Chinas fragwürdige Schrumpfkur

CAMBRIDGE – Während so gut wie jedes Land der Welt versucht, sein Wachstum anzukurbeln, versucht die chinesische Regierung, es auf ein nachhaltiges Niveau zu verlangsamen. Da China zu einer Wirtschaft übergeht, die stärker durch Inlandsnachfrage und Dienstleistungen angetrieben wird, ist ein Übergang hin zu einem langsameren Wachstumstrend sowohl unvermeidlich als auch wünschenswert. Aber die Herausforderungen sind gewaltig, und niemand sollte eine sanfte Landung für selbstverständlich halten.

Da Chinas Wirtschaft stärker wächst als diejenige seiner Handelspartner, muss die Effizienz des exportgetriebenen Wachstumsmodells des Landes unweigerlich nachlassen. Und in der Folge werden auch die Erträge der massiven Infrastrukturinvestitionen, von denen viele der Unterstützung des Exportwachstums dienen, zurückgehen.

Der Konsum und die Lebensqualität müssen steigen, auch wenn in vielen Gegenden Chinas Luftverschmutzung und Wasserknappheit akuter werden. Aber in einer Volkswirtschaft, in der die Schulden auf mehr als 200% des BIP explodiert sind, ist es schwierig, das Wachstum schrittweise unter Kontrolle zu bekommen, ohne ein großflächiges Scheitern ehrgeiziger Investitionsprojekte auszulösen. Sogar in China, wo der Fall durch die tiefen Taschen der Regierung abgepolstert würde, könnte eine Pleite im Ausmaß derer von Lehman Brothers zu einer massiven Panik führen.

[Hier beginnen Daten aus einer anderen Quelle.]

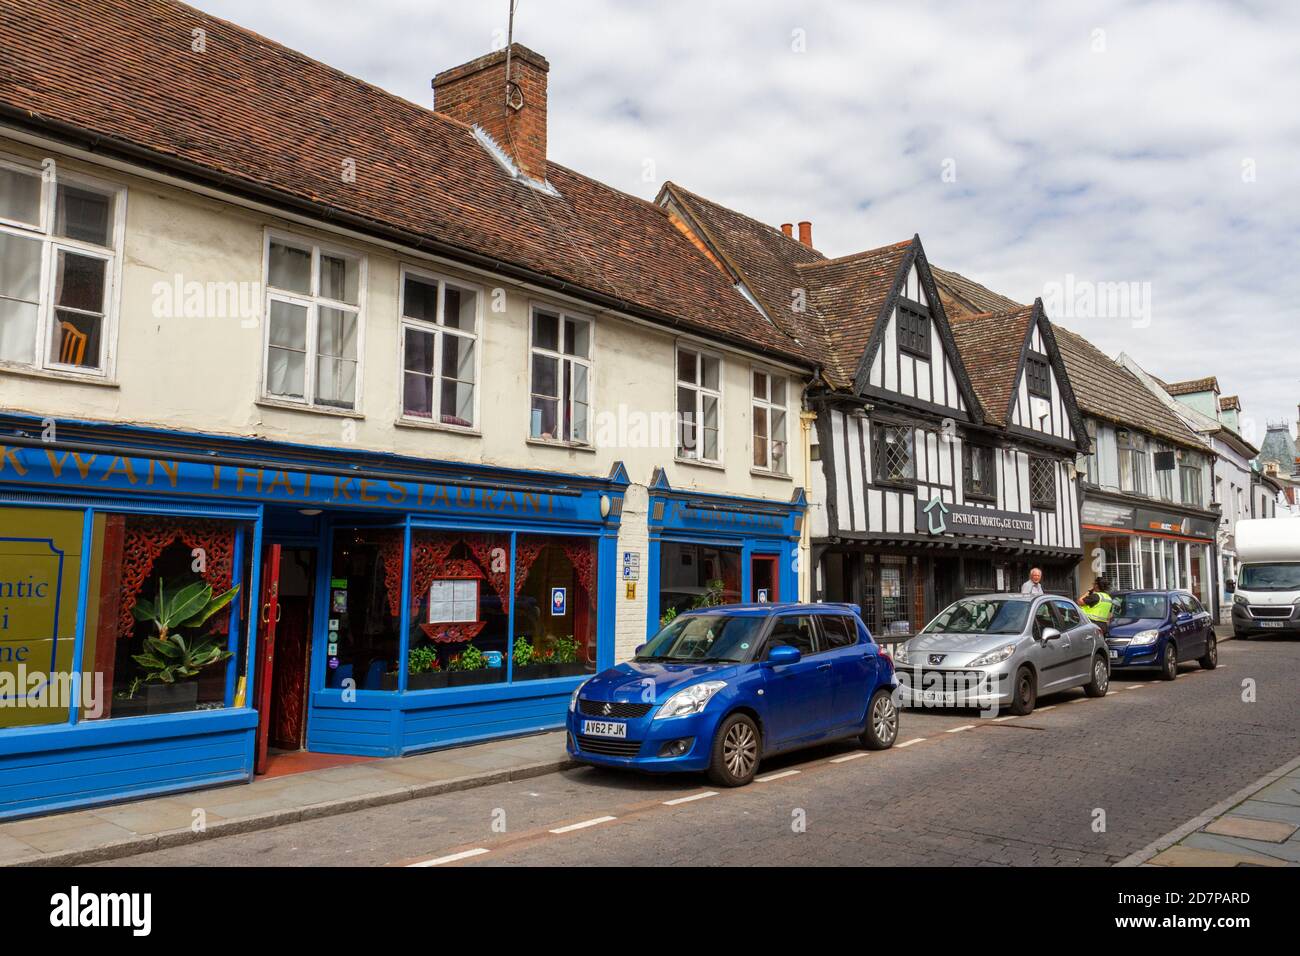 General view of shops on St Nicholas Street in Ipswich, Suffolk, UK. Stock Photo

Bedenken wir, wie schwierig in Marktwirtschaften eine weiche Landung ist. Durch Zyklen geldpolitischer Kontraktion wurden viele Rezessionen ausgelöst. Alan Greenspan, der ehemalige Vorsitzende der US-Notenbank Federal Reserve wurde in den 1990er Jahren zum „Meister“, weil er es schaffte, die Inflation zu verlangsamen und gleichzeitig ein starkes Wachstum aufrecht zu erhalten. Die Idee, eine kontrollierte Straffung sei in zentraler geplanten Volkswirtschaften, in denen sich Politiker auf viel lautstärkere Marktsignale verlassen müssen, einfacher, ist höchst fragwürdig.

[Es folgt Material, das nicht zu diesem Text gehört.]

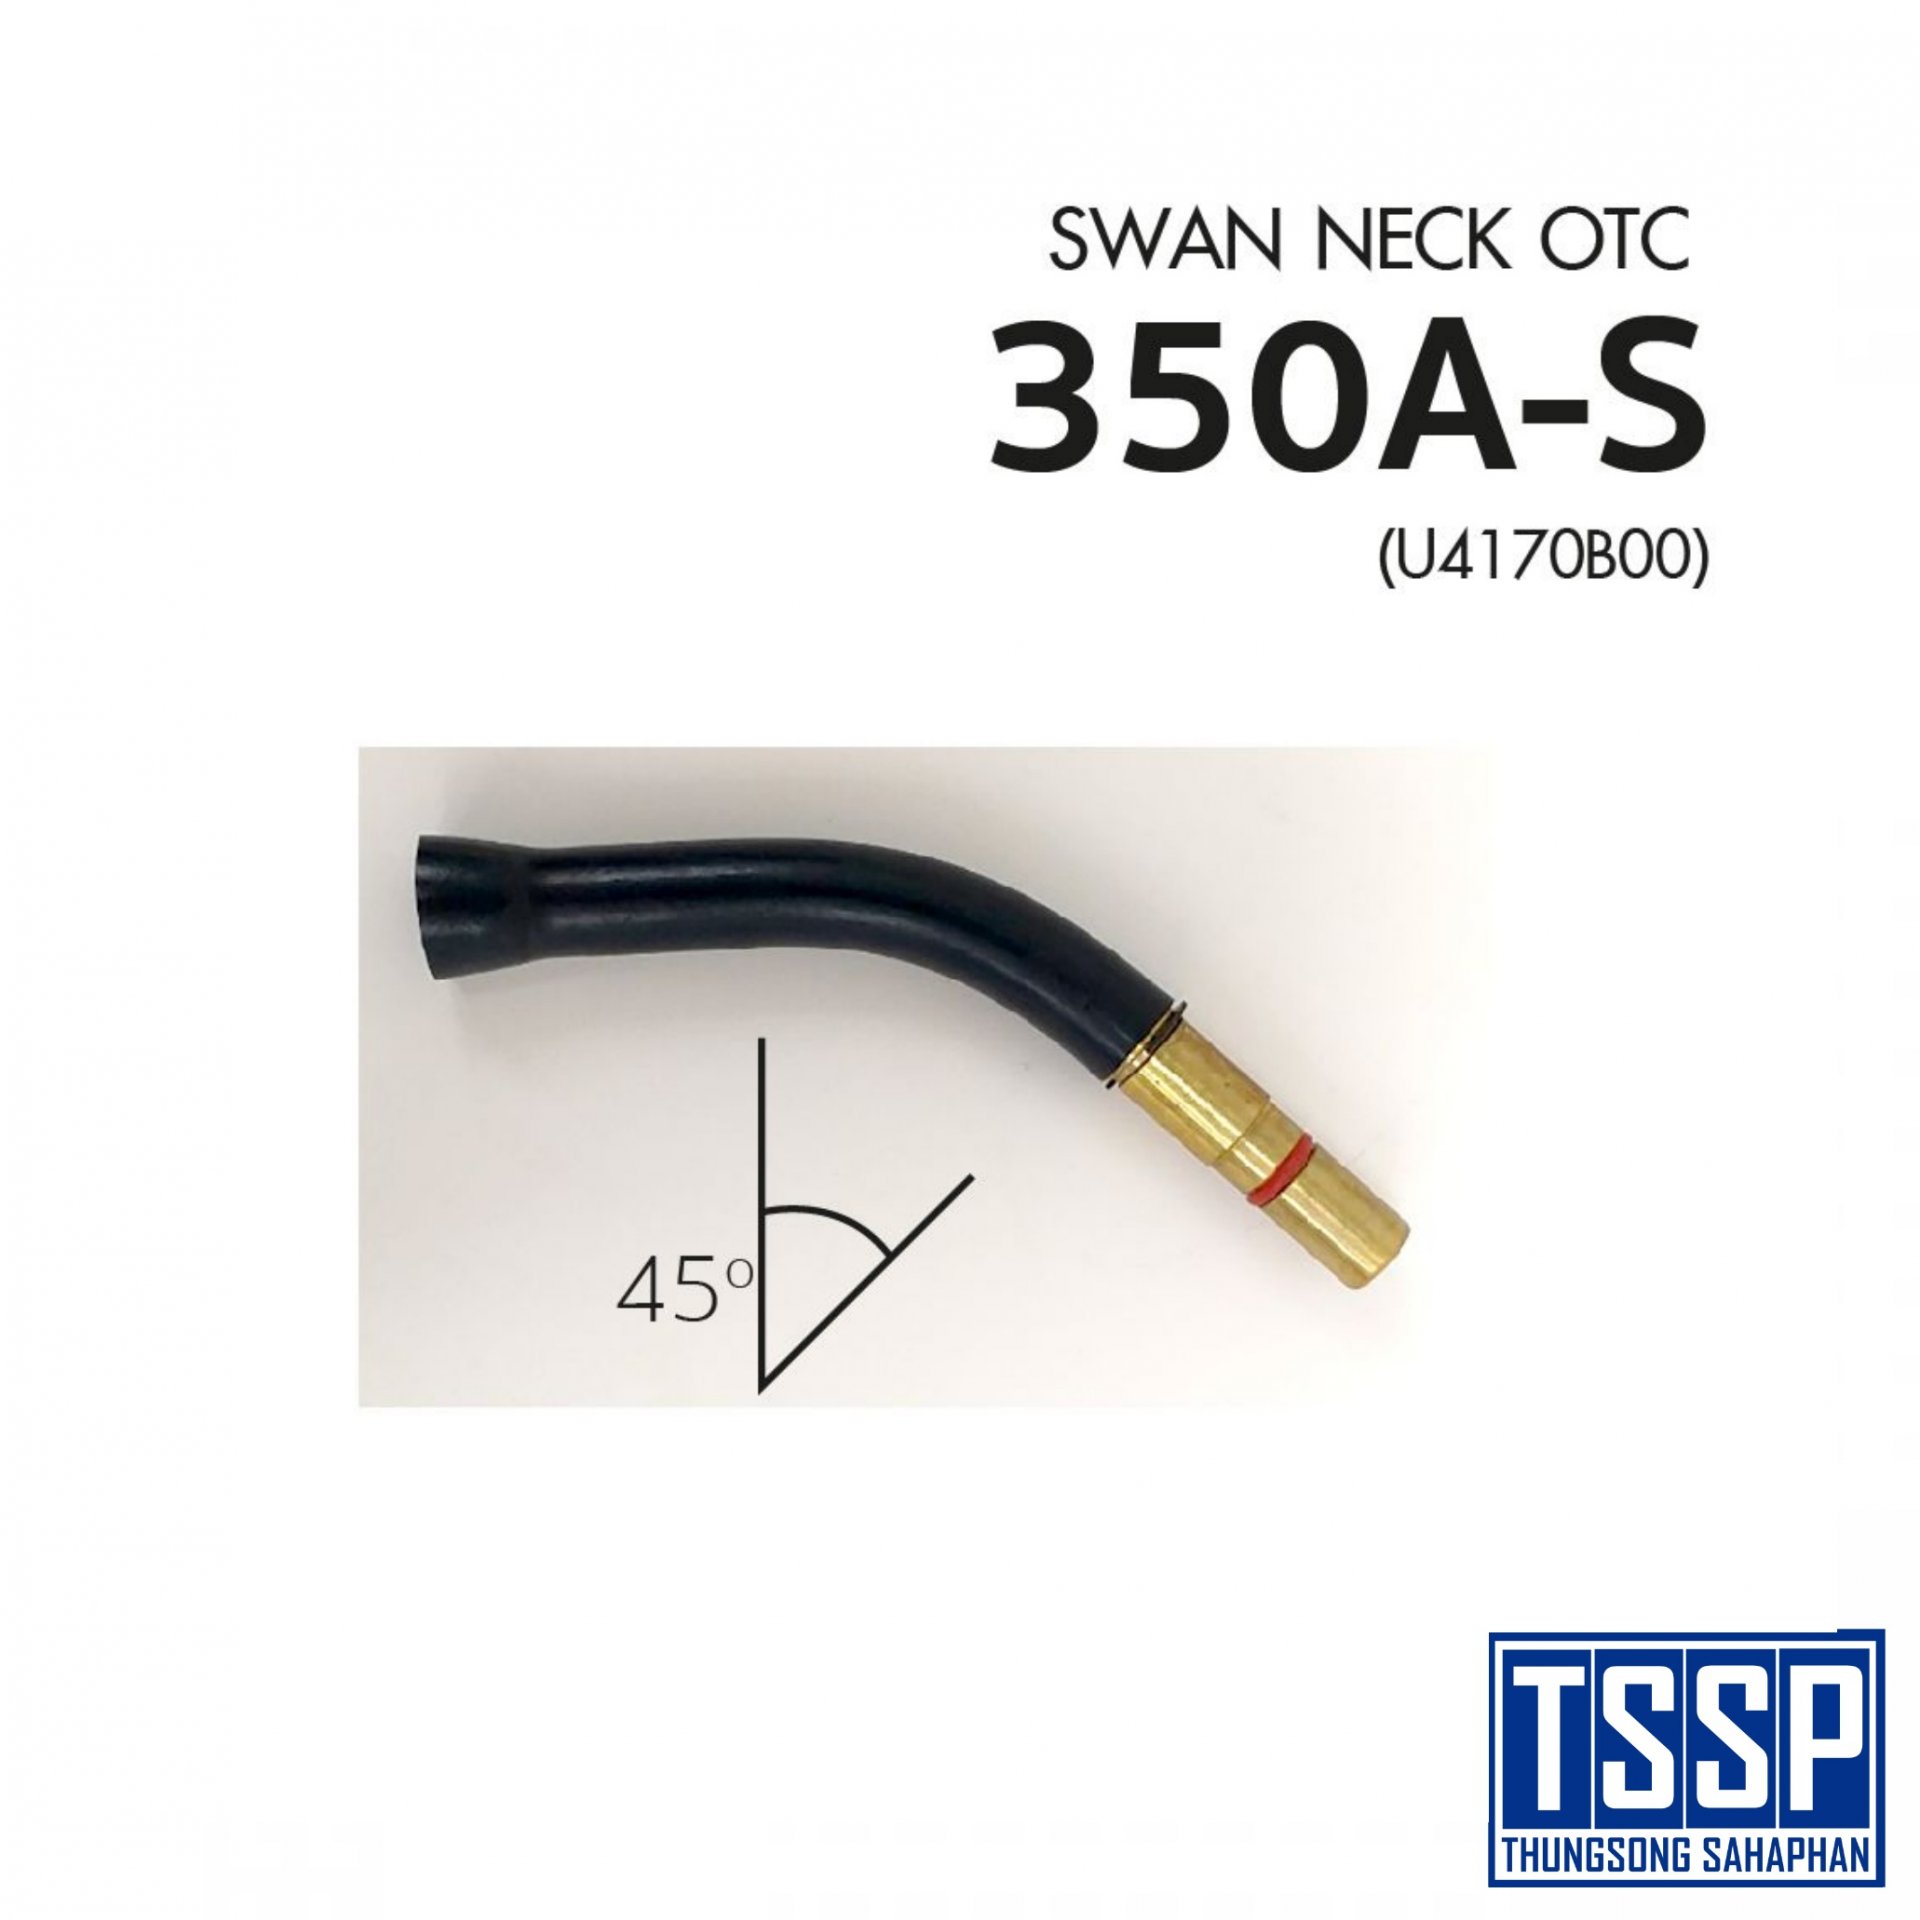 Swan neck OTC 350A-S

Betrachtet man offizielle Prognosen und Marktvorhersagen, sollte man annehmen, die Risiken seien moderat: Chinas offizielles Wachstumsziel liegt bei 7,5%. Wer mit nur 7% rechnet, wird als „China-Bär“ angesehen, und durch die Vorhersage eines Rückgangs auf 6,5% wird man als regelrechter Fanatiker eingestuft.

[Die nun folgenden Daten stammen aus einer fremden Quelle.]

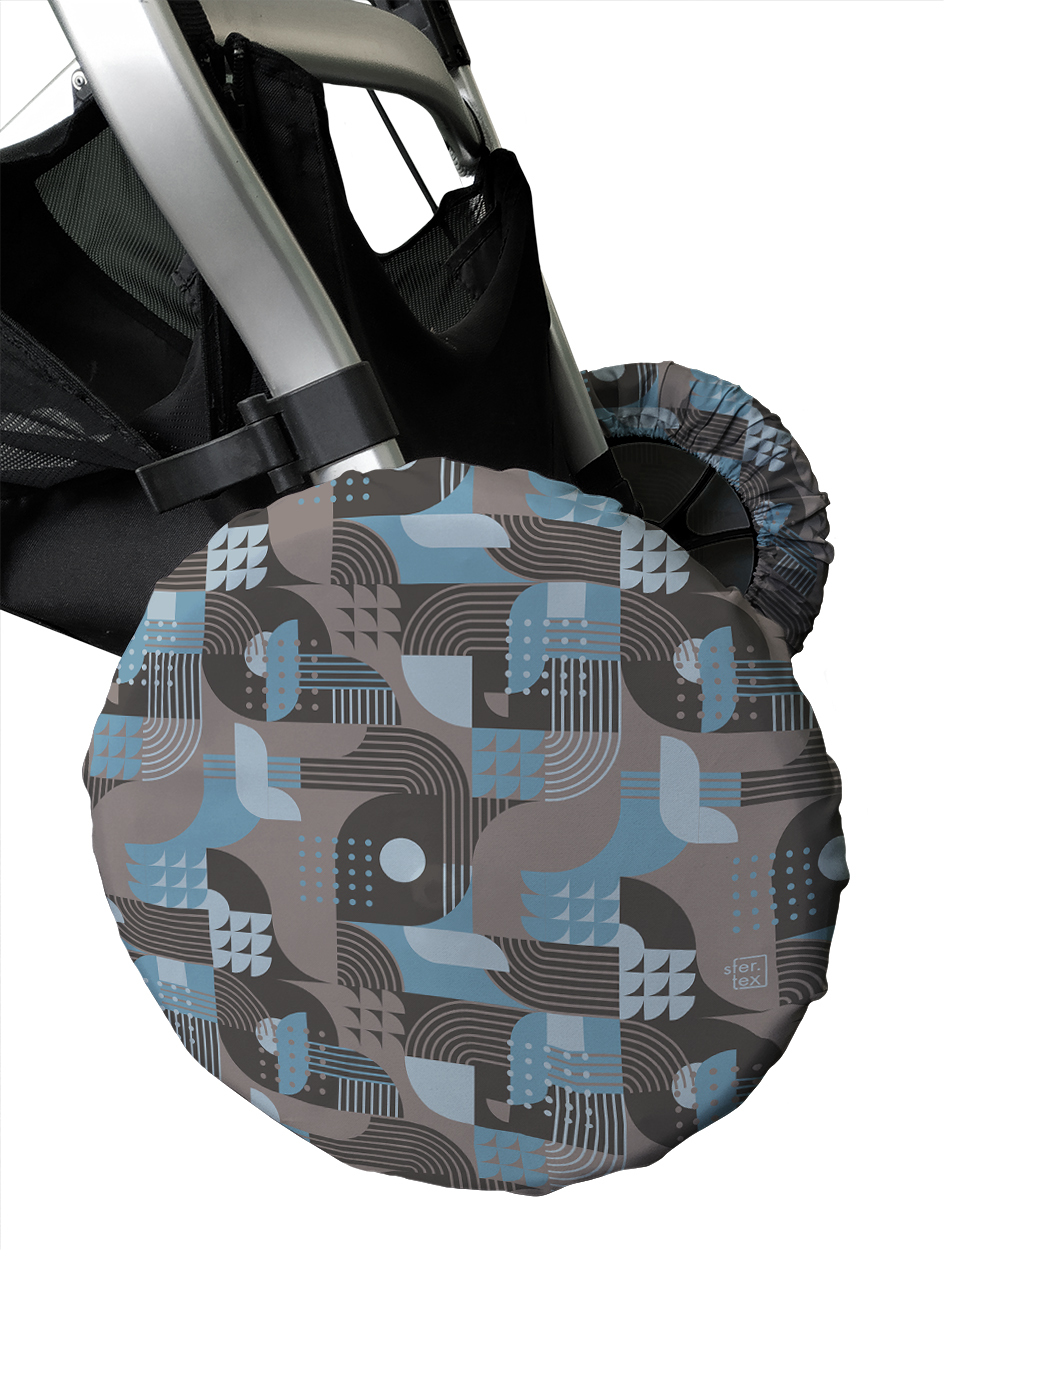 фото Чехлы на колеса коляски sfer.tex геометрический дизайн 32 см, 4 шт

Bei den meisten Ländern wären solche geringen Unterscheidungen Haarspalterei. In den Vereinigten Staaten schwankte das vierteljährliche BIP-Wachstum im ersten Halbjahr 2014 zwischen -2,1% und 4,6%. Natürlich fluktuiert das chinesische Wachstum wahrscheinlich deutlich stärker, als die offiziellen Zahlen nahelegen, was zum Teil daran liegen mag, dass die Lokalbehörden über Anreize verfügen, die an die Zentralbehörden übermittelten Daten zu glätten.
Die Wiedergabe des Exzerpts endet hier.